Demystifying Protein Powder (or Whey)

Protein shake, whey, protein powder, isolate… perhaps you’ve heard some of these terms or through your friends, your gym or in the media. The protein powder supplements are increasingly popular and accessible. Furthermore, they are now found on grocery store shelves and stock trades as Maxi, IGA, Wal-Mart, Costco or pharmacy. These specialized products are no longer limited only to stores specialized supplements. Protein powder is not only consumed by athletes: sports Sunday and even people in weight loss process now consumes.

But in fact, what exactly is the protein powder, also known as the whey? What is its composition? Is it a risk to health? That advantage to consume?

Where did this come from ?

In fact, protein powder or whey (also called whey or whey) is nothing other than food. You read correctly. This is actually a by-product of the dairy industry, a “waste” once put to waste because the properties were known. Recovered its raw state (liquid), whey protein will undergo various micro filtrations to be purified and separated into much of its lactose (milk sugar). It will subsequently be flavored and / or processed and marketed as a supplement or food additive.

Scoop of protein powder

Scoop of protein powder

It makes muscles?

A still widespread myth about protein shakes is that eating them would make it more muscular. Unfortunately, this dietary supplement is not a magic powder. You can stuff yourself with protein shakes every day from morning to night, however, if you do not train yourself at least 3 times a week and according to an appropriate strength training program, you will not have biceps worthy of Arnold Schwarzenegger or a prominent six-pack. For you ladies, you do not have to worry: protein powder consumption will not give you big bulky muscles and a male voice.
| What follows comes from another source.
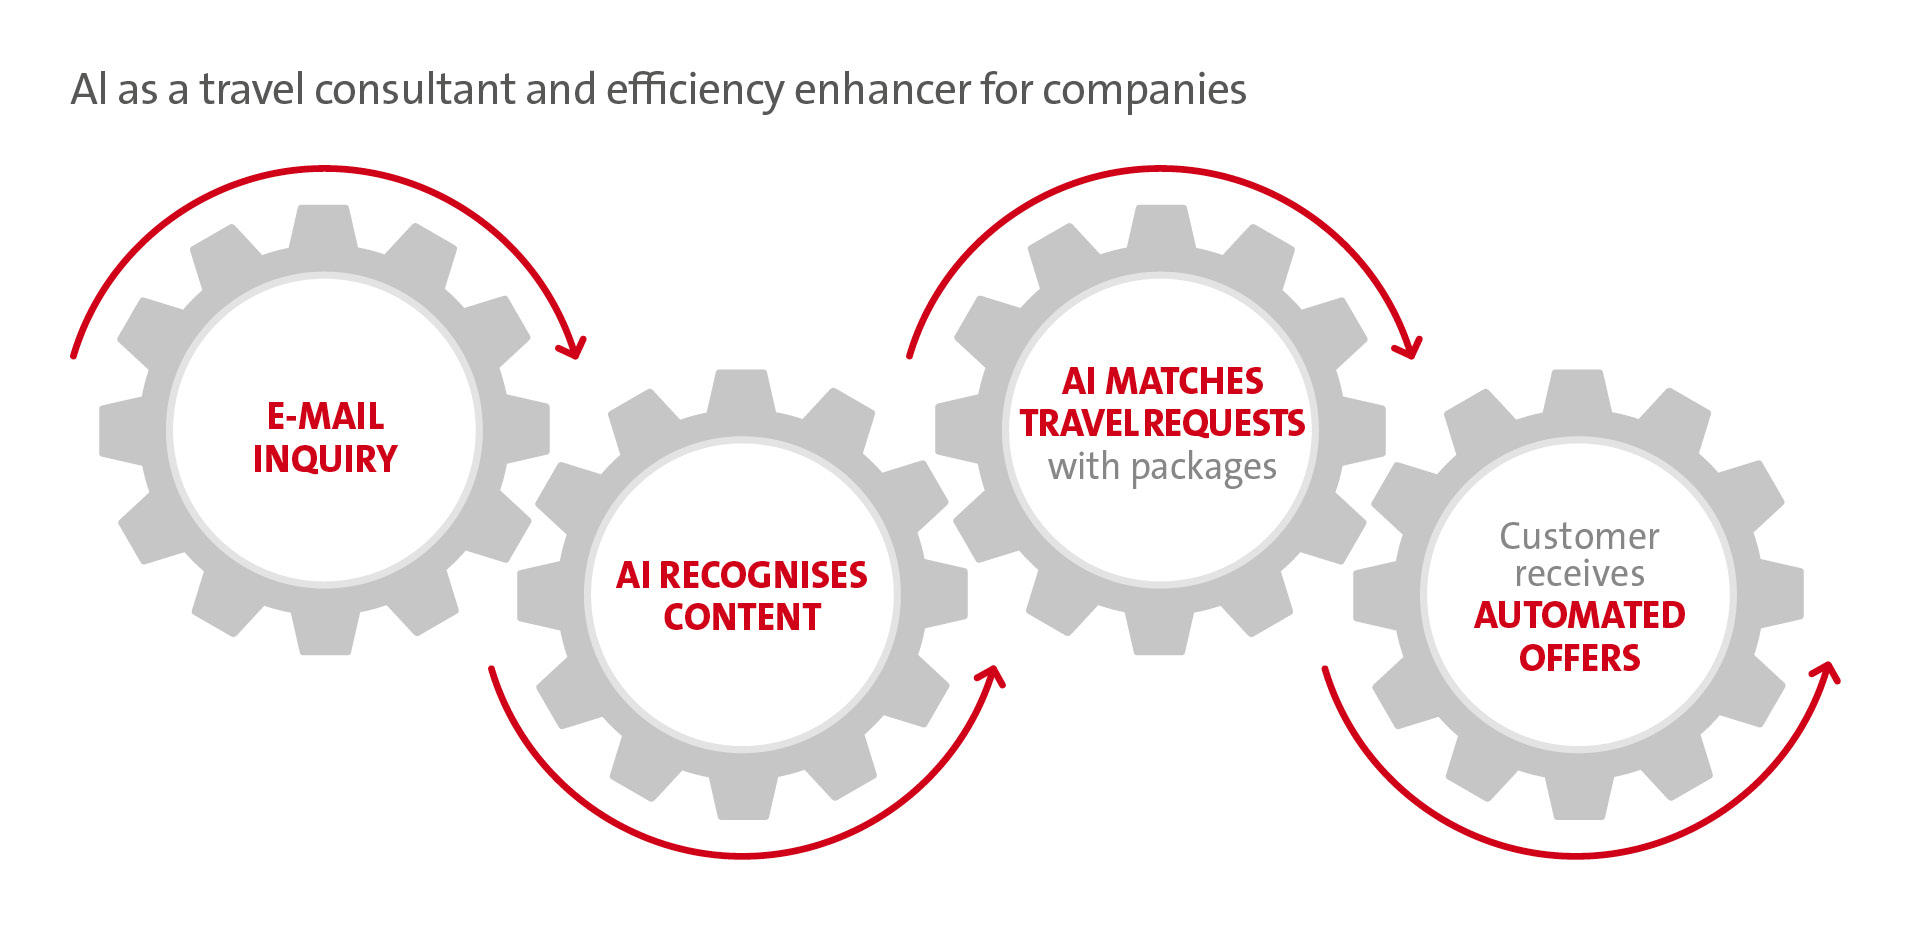 Graphic AI as a travel consultant and efficiency enhacer for companies

Protein powder: harmful to the kidneys?

Another popular myth about protein powder consumption is that it could be harmful to the kidneys. Well, this statement is false. If you’re healthy and you are not suffering from a kidney disease, you do not have to worry. Excess protein (either through food or protein powder) will not cause kidney overload unless you have a genetic predisposition. Protein powder and protein foods have a similar impact in the kidneys. As mentioned previously, the whey is food like beef or chicken! Furthermore, several studies have been done on the subject and have shown that this statement regarding the consumption of protein powder and kidney health was indeed false.
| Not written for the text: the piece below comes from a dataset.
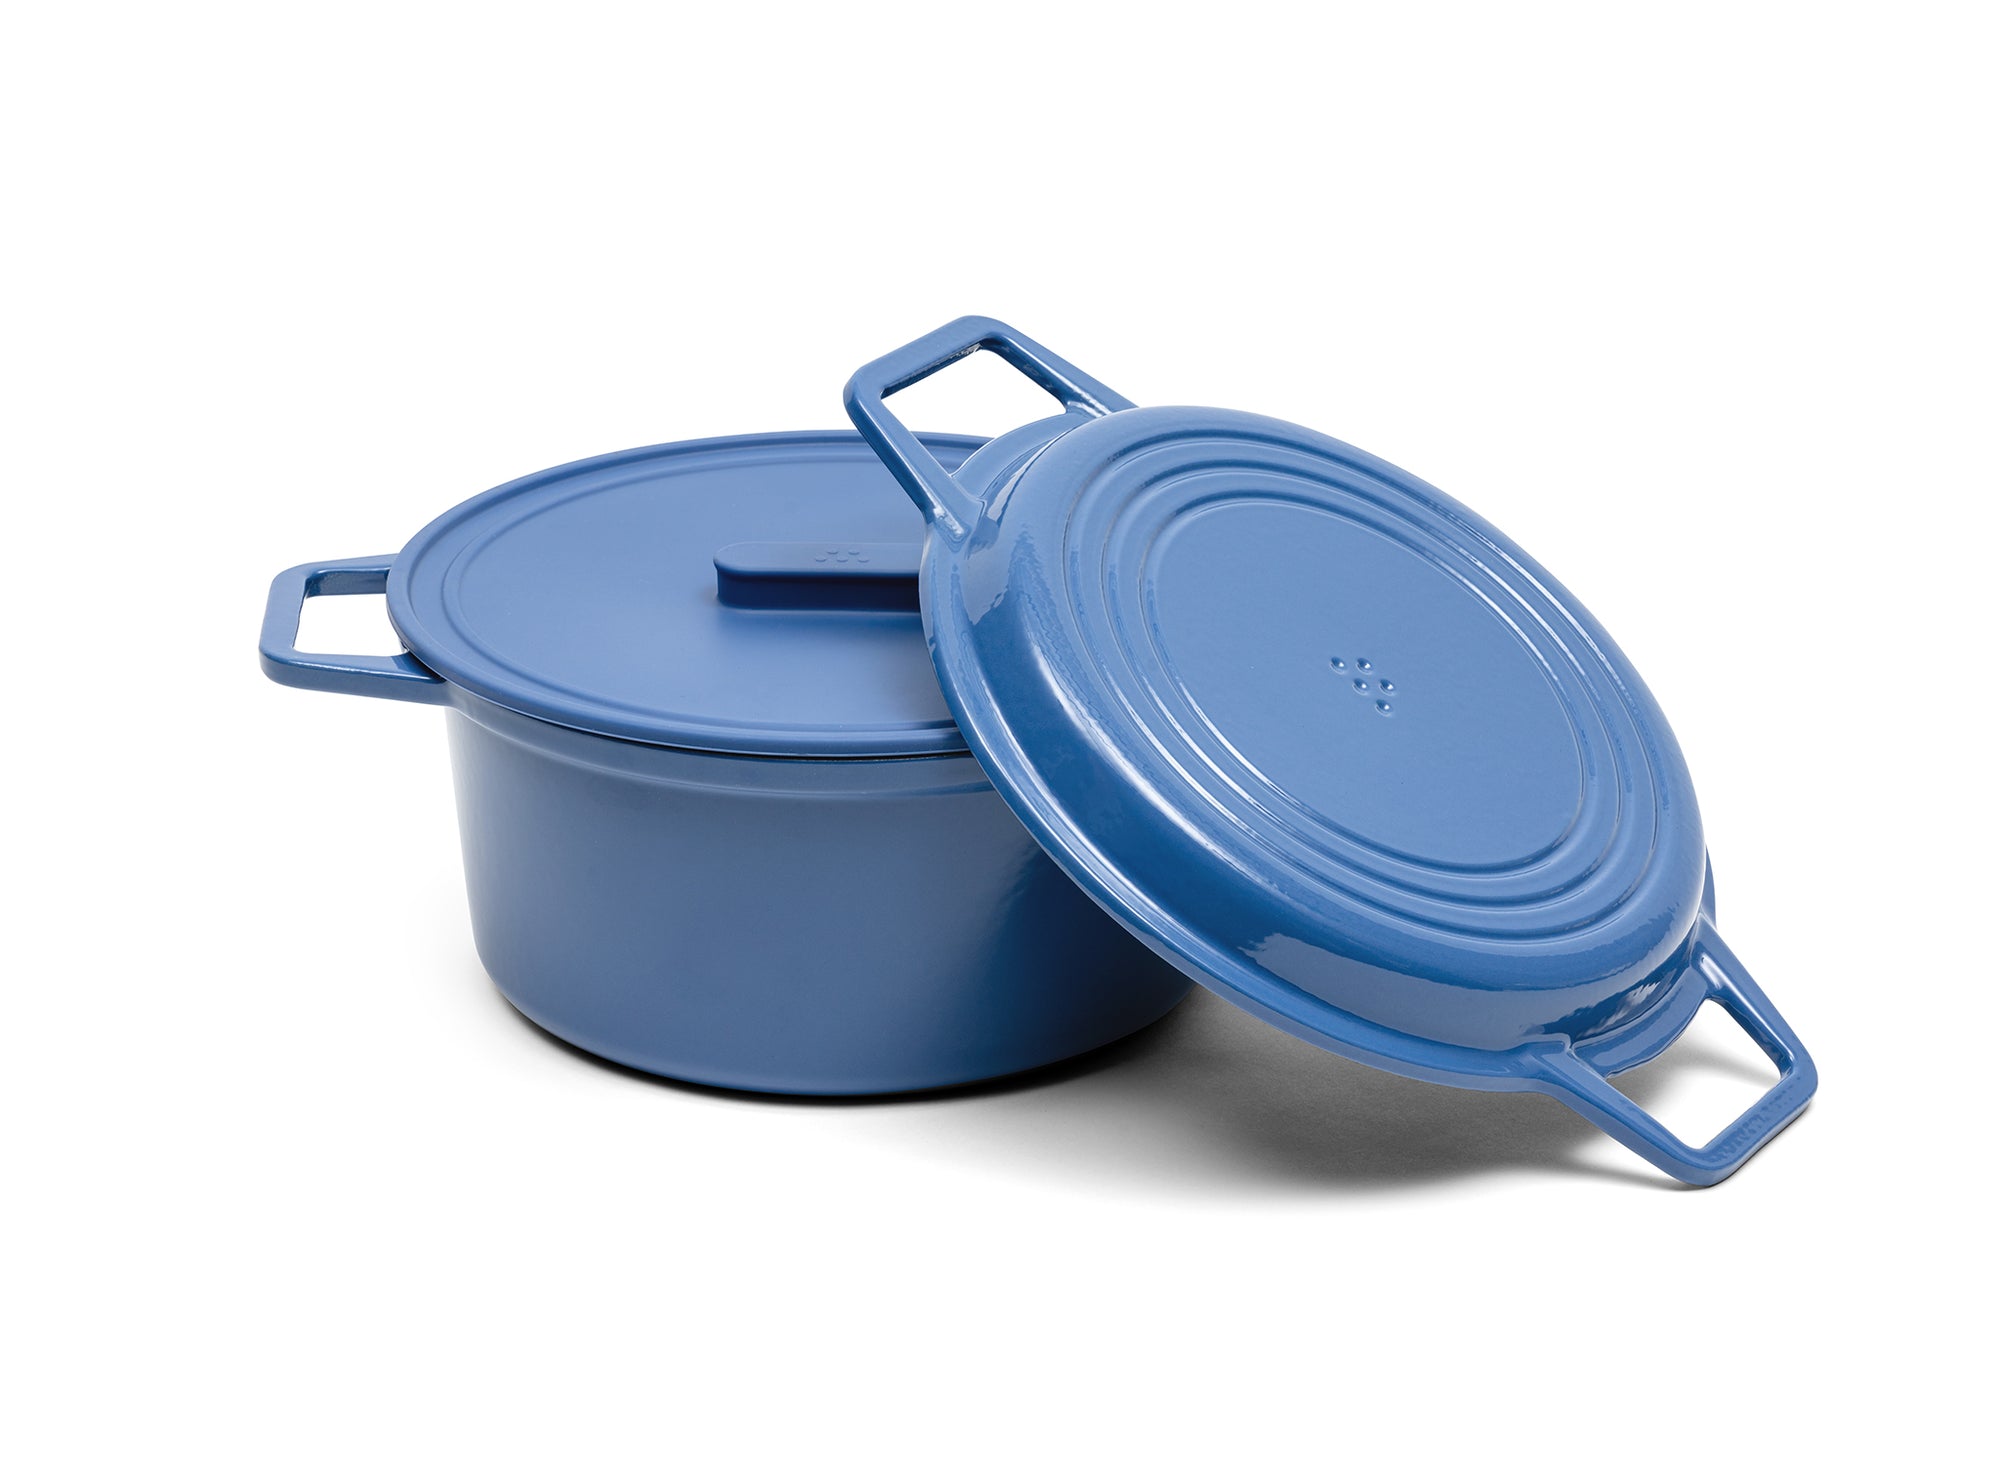 A blue 7-quart Misen Dutch Oven with matching Grill Lid and silicone Universal Lid.

Does protein powder for you?

Before you go to buy a gigantic pot protein powder, make sure whether you really need. Do you have specific goals of training or weight loss? Or any other purpose requiring a higher protein intake?

Remember though that diet generally covers the protein requirement for occasional sports (training frequency of less than 3 times per week). Although it may be advantageous to increase his protein intake in some situations it is important to assess its contributions versus his needs before embarking on the consumption of protein supplements. If you have questions and want to have more information about this, contact a medical professional!
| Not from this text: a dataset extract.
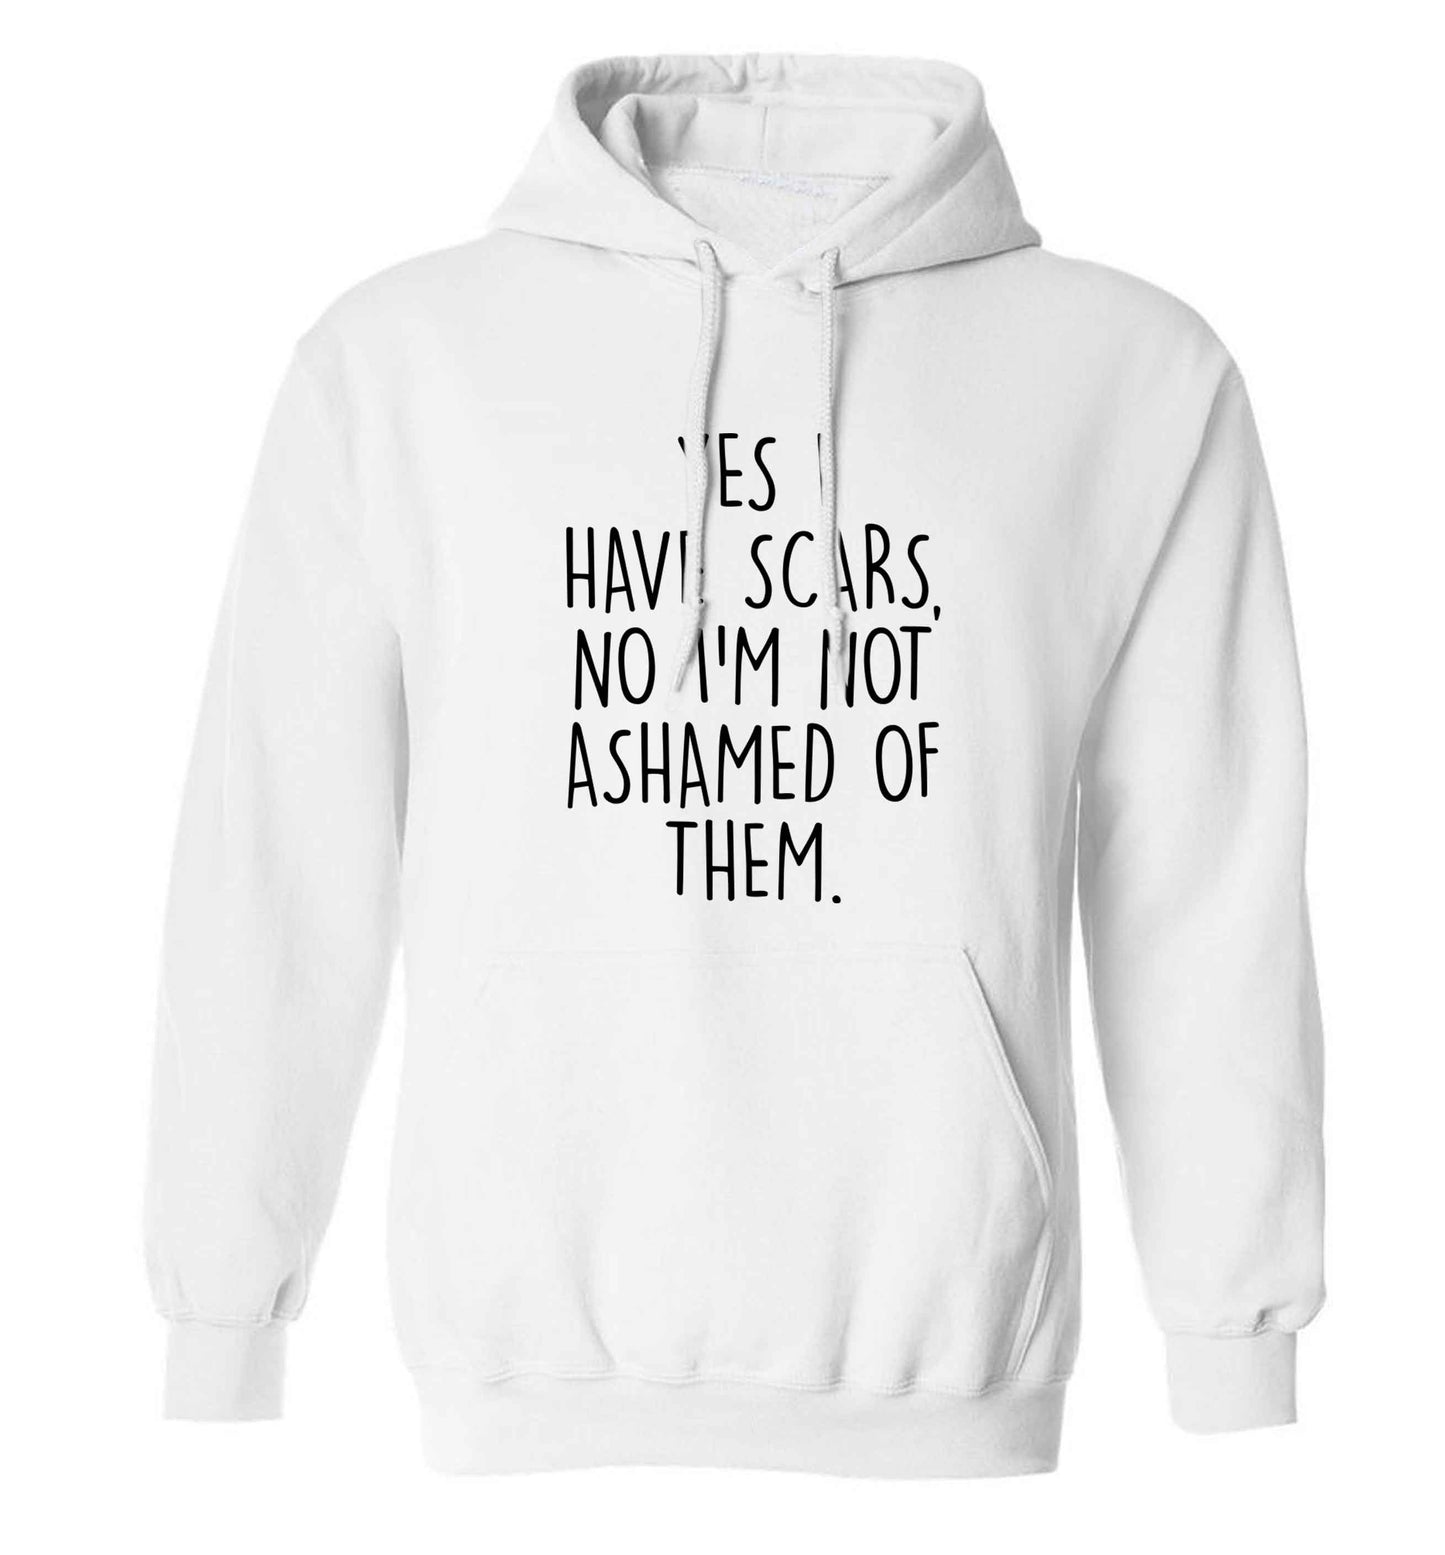 Yes I have scars, no I'm not ashamed of them adults unisex white hoodie 2XL

The various types of protein powder

Whey protein is by far the most popular and most widespread. Nevertheless, there are also isolated whey protein that turns out to be just the whey which has been completely isolated (removed) lactose (milk sugar). It is therefore more digestible for lactose intolerant people or experiencing discomfort when consuming milk. The protein content is therefore somewhat higher and about 28 to 30 g of protein per serving. However,isolate is more expensive compared with the whey, and this for the same amount. Note that the quality of the protein remains the same in both cases.

On the other hand, there is a growing popularity of vegetable protein supplements. These can be an interesting alternative for vegetarians and vegans who wish to increase their protein intake. However, the quality of the supplement is not always optimal. In this sense, it is better to opt for a mixture of vegetable protein, enabling complete amino acids which, we recall, is incomplete in the plant kingdom. Avoid protein supplements vegetarian / vegan containing only one type of protein, such as rice protein or only hemp.

There are also soy protein, beef … and even cricket! I wonder what kind of protein soon conquer the market.


One last point I want to make in this article is that, too often today, protein supplements are sometimes confused with doping substances, including steroids. It is a myth that must be seriously debunk. As demonstrated in this article, the protein powder is nothing other than food. Of course, some companies add ingredients to their products to make them more “exclusive.” So be vigilant and inform. If contamination with illegal substances or doping concerns you, make sure your supplements are certified NSF (National Sanitation Foundation) and GMP (Good Manufacturing Practices) and then they have a NPN (Natural Product Number). These acronyms mean that the products are regulated, tested and manufactured in controlled environments. Also Promote Canadian and Quebec brands.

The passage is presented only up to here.